The future of the hotel industry looks rosy if we are to believe the Academy restaurant at the University of Ulster. Young, strong-willed and intelligent students learn the ropes in this beautifully appointed working restaurant under the watchful eye of their teachers and tutors.
n the kitchen being yelled at by stressed chefs or having to deal with restless diners, the fate of a catering professional cannot be easy. But once these culinary arts students graduate, they are effectively bulletproof, immune to the terrors of restaurant life, ready for anything, including pompous critics, bloggers and influencers, not to mention the screaming chefs and picky diners.
You cannot help loving and admiring young people for submitting to the BSc in Culinary Arts Management course. No other university course, except perhaps medicine, exposes its students to the harsh realms of professional life and yet they come there.
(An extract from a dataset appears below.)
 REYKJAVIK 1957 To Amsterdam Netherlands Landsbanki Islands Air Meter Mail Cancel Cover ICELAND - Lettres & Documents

The Academy restaurant has been relocated to the corner of York Street and Donegall Street. Its presence on the street makes it a very pleasant interior with a view of Buoy Square and Saint Anne’s Cathedral. It is urban, elegant, warm and bright. It is also home to the university’s current series of Culinary Shows in which world-renowned restaurant chefs come to Belfast to cook a dinner with the support of brigades and teams of students at the front and in the kitchen.
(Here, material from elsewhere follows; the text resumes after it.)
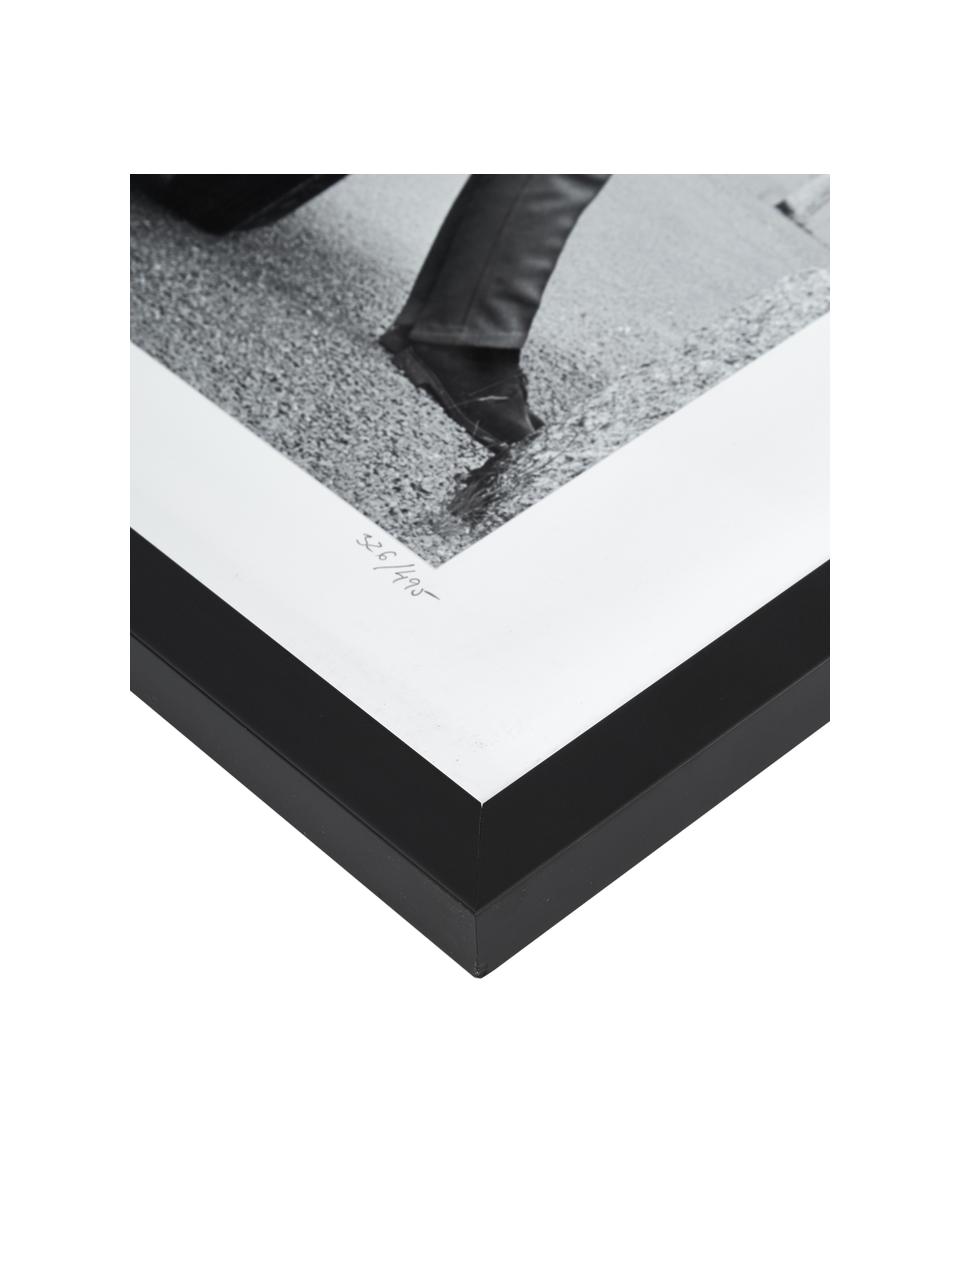 Stampa fotografica incorniciata Connery, Immagine: carta Fuji Crystal Archiv, Cornice: plexiglass, legno vernici, Nero, bianco, L 40 x A 50 cm

On this occasion, it was the turn of the chief patron of Quo Vadis of London Soho, Jeremy Lee. I have eaten at Quo Vadis several times and love the intimate atmosphere, the hint of chaos and the sublime food. Last time I was there was January and there was haggis on the menu to take the cap off at Rabbie Burns. Lee is from Dundee. No pursed lips or conservative convention here, though. He might be a detail junkie and his eye for quality is super sharp, but add to that his flowery expression and bravado, his huge, handsome carcass giving him a commanding presence wherever he goes. No better man then than to take a group of students and put them to the test.
And on that February night, for just £45 a head, began a sequence of dishes all using Irish produce and blessed with the Quo Vadis treatment. Big and bold, everything is cartoonishly robust. From golden logs of salsify coated in crunchy Gruyère-like cheese coatings to large langoustines, smoked eel and trout fillets, you’ll get an idea of Chef Lee’s preference for assertive presence over delicate beauty.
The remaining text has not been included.